(Records from a dataset)
BEGIN

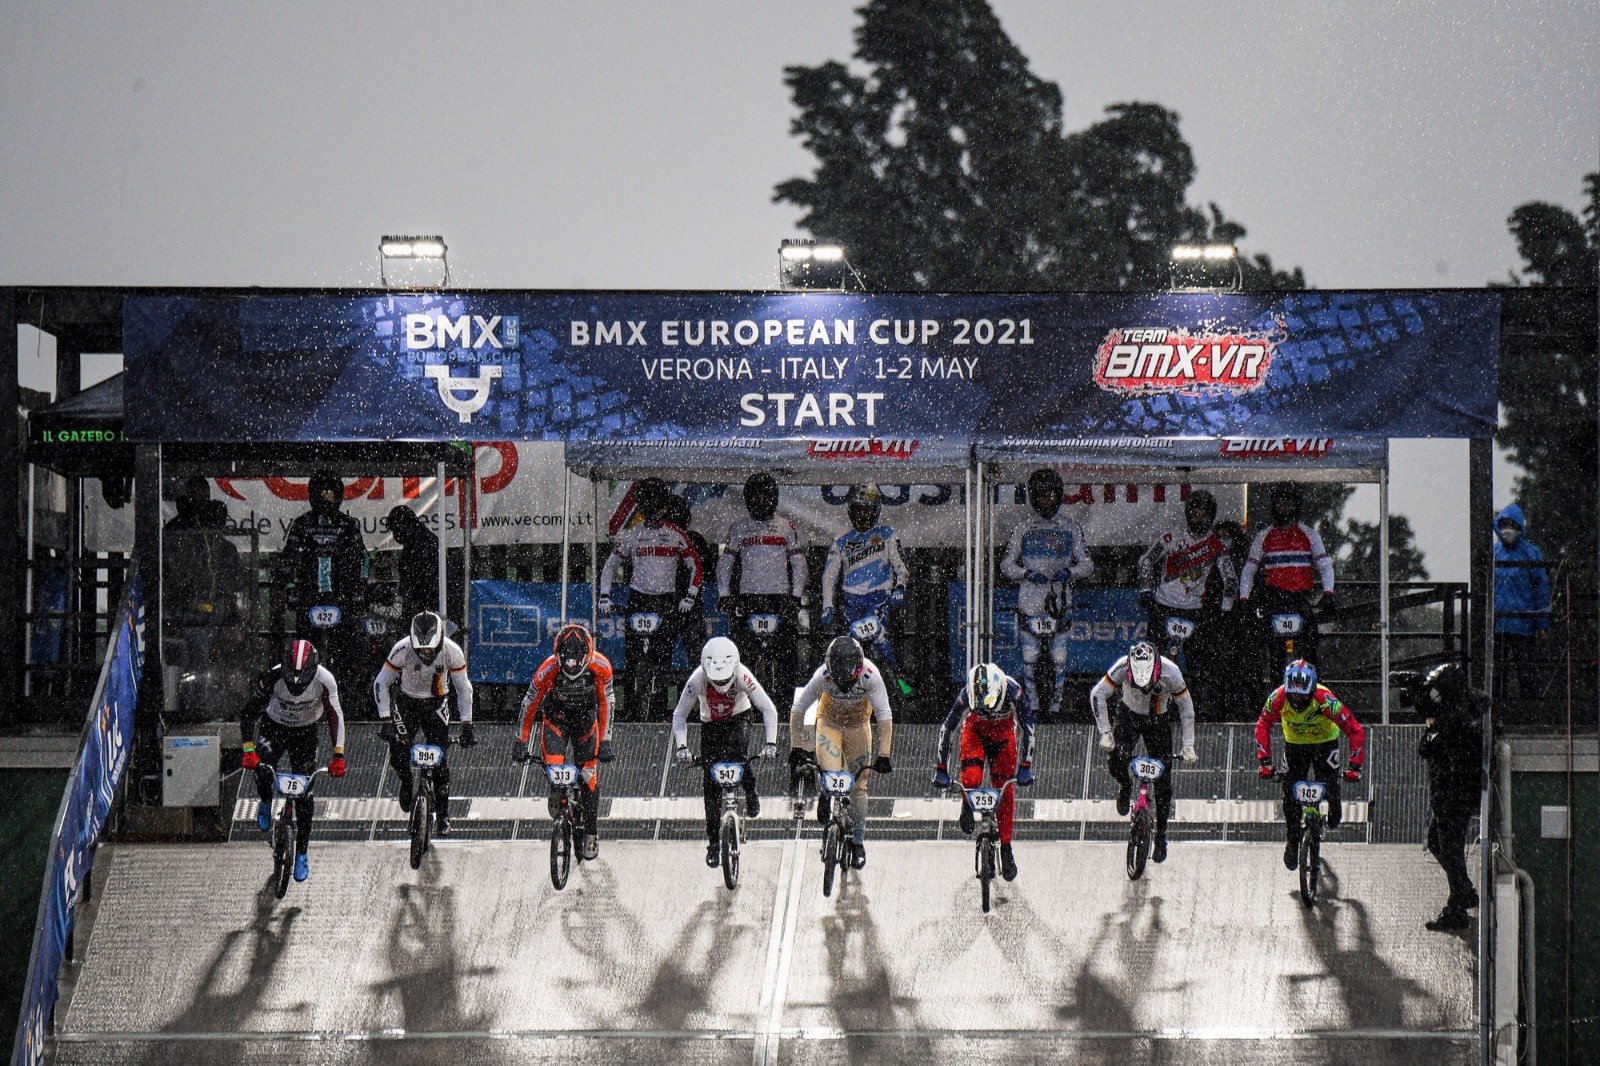 Coppa del Mondo BMX a Verona, 13 azzurri in gara. In palio gli ultimi punti per la qualificazione olimpica
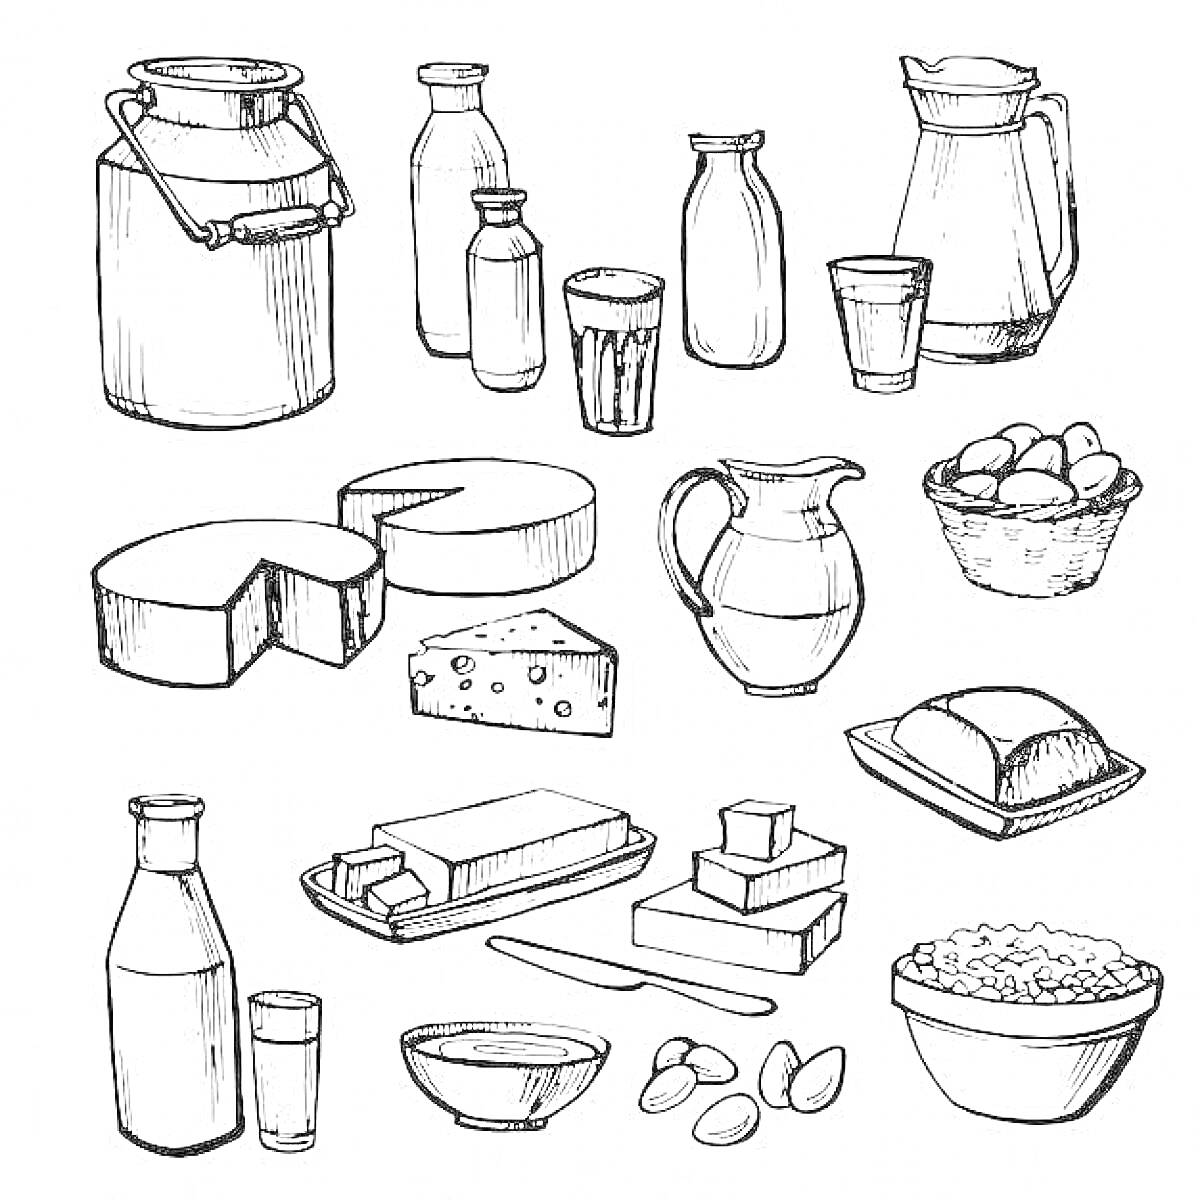 Раскраска Молочные продукты: бидон, бутылки молока, стаканы с молоком, кувшин, сыр, голландский сыр, яичница (яйца), батон хлеба, масло, йогурт, молоко, сметана, сливки, творог
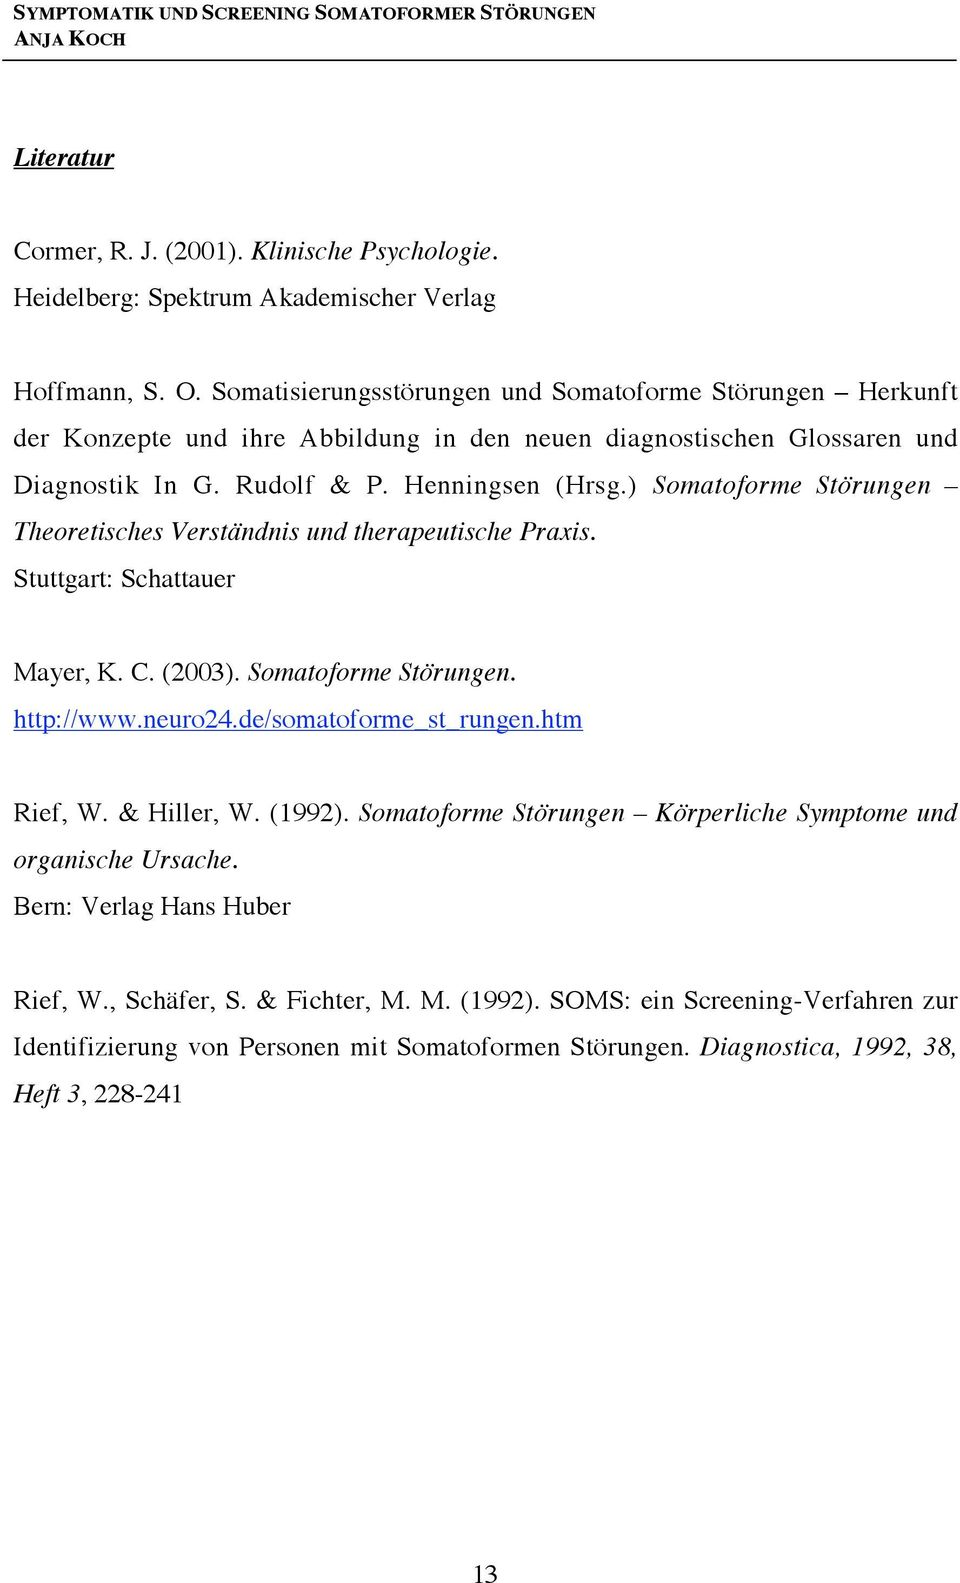 ) Somatoforme Störungen Theoretisches Verständnis und therapeutische Praxis. Stuttgart: Schattauer Mayer, K. C. (2003). Somatoforme Störungen. http://www.neuro24.de/somatoforme_st_rungen.
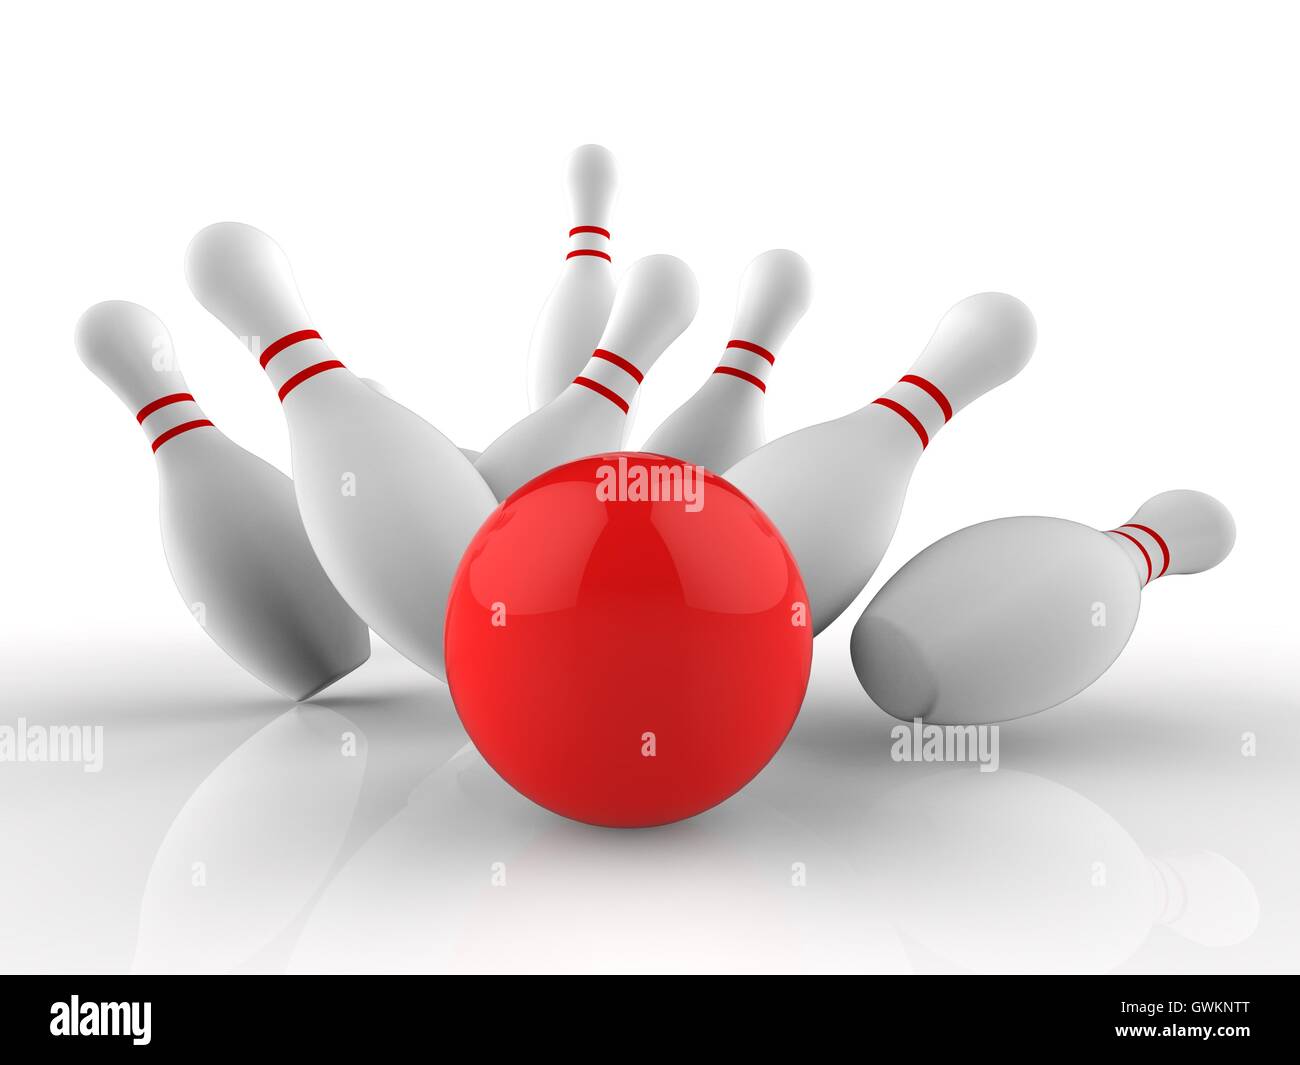 Bola de boliche vermelha e skittles brancos espalhados isolados em fundo  preto conjunto de jogos renderização 3d
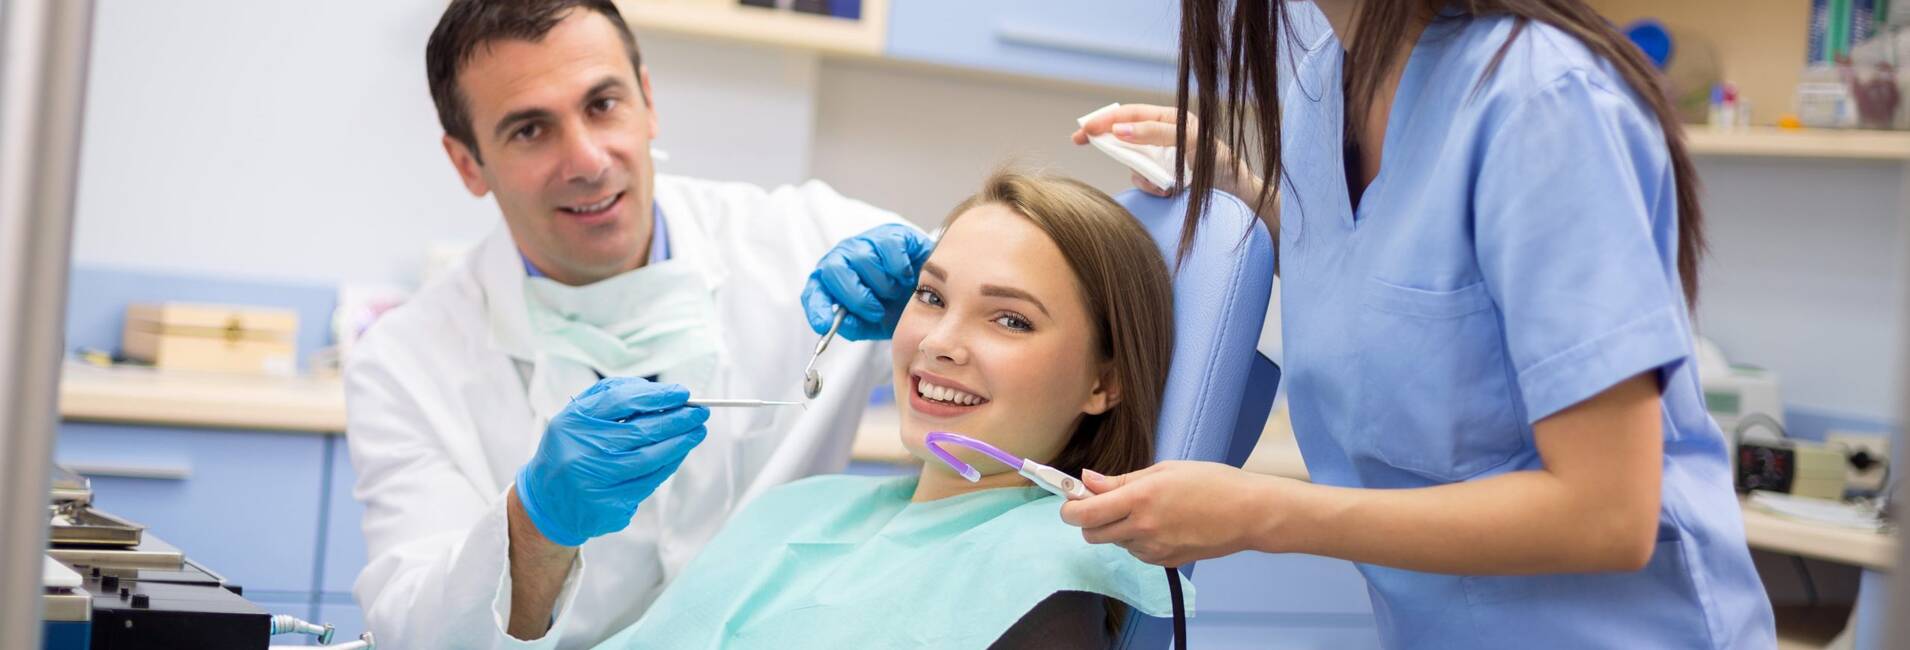 Мы рады приветствовать Вас на сайте стоматологии Dental Practica! г. Нижний Новгород

END

Exactly as written, restate the lines above from the opening line through the one holding "Раскраска Молочные продукты: бидон, бутылки", omitting the pictures.

§ **Task result**:
 Coppa del Mondo BMX a Verona, 13 azzurri in gara. In palio gli ultimi punti per la qualificazione olimpica
 Раскраска Молочные продукты: бидон, бутылки молока, стаканы с молоком, кувшин, сыр, голландский сыр, яичница (яйца), батон хлеба, масло, йогурт, молоко, сметана, сливки, творог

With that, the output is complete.